WORK INSTRUCTION -
Leave the pictures out and restate every line below exactly.

RECORDED DATA -
----

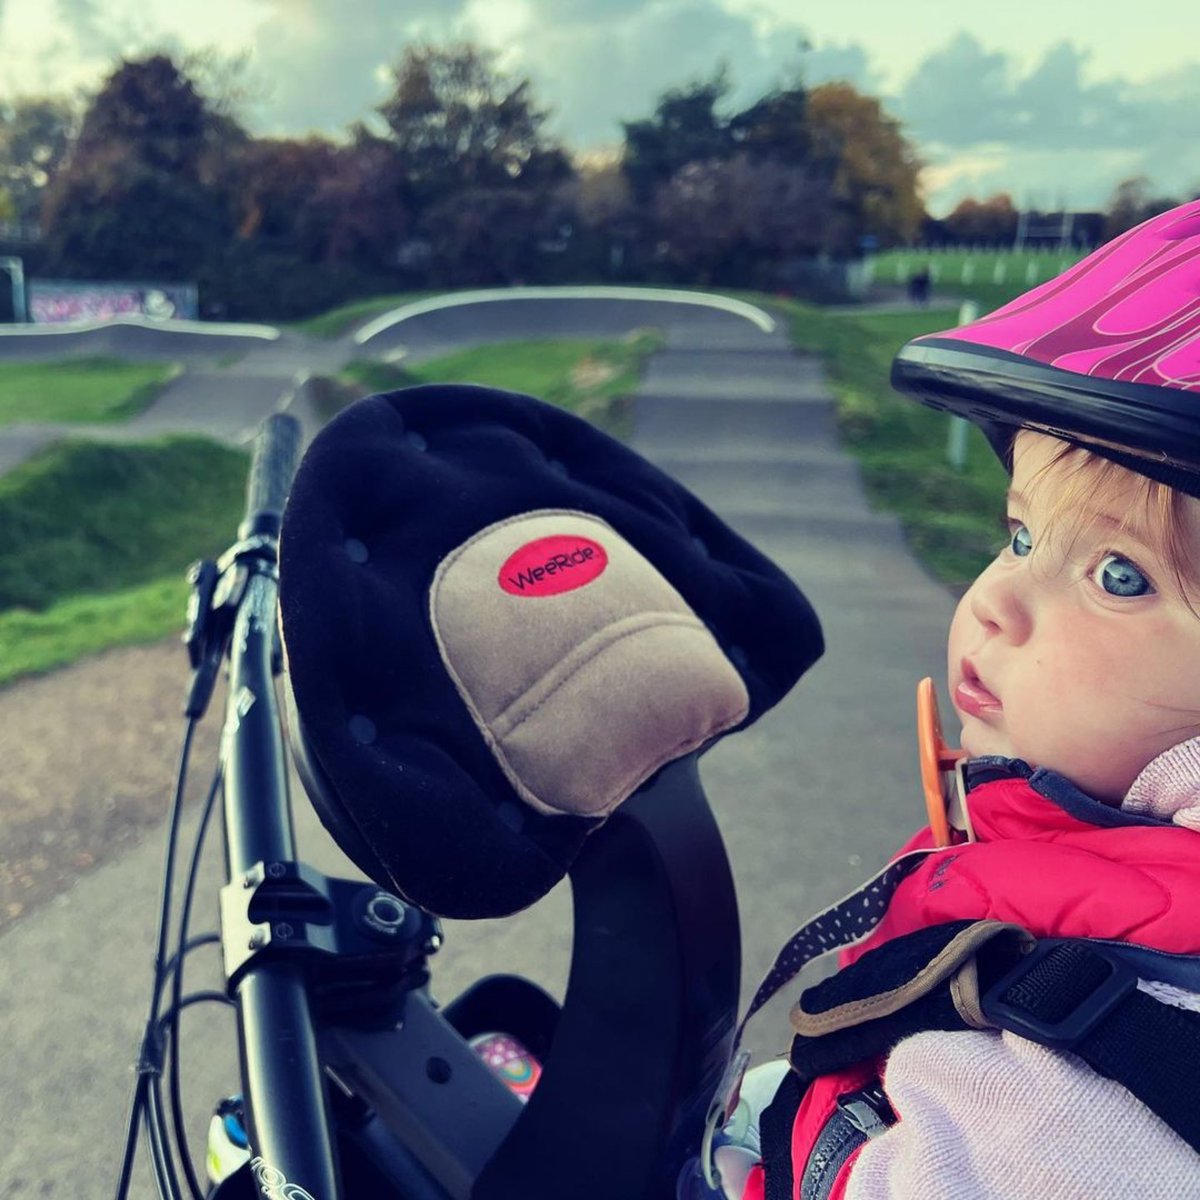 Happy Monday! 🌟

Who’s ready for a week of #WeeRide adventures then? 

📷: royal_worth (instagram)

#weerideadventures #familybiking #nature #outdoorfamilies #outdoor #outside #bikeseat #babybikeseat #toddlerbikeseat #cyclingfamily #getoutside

----

EXERCISE ANSWER -
 Happy Monday! 🌟

Who’s ready for a week of #WeeRide adventures then? 

📷: royal_worth (instagram)

#weerideadventures #familybiking #nature #outdoorfamilies #outdoor #outside #bikeseat #babybikeseat #toddlerbikeseat #cyclingfamily #getoutside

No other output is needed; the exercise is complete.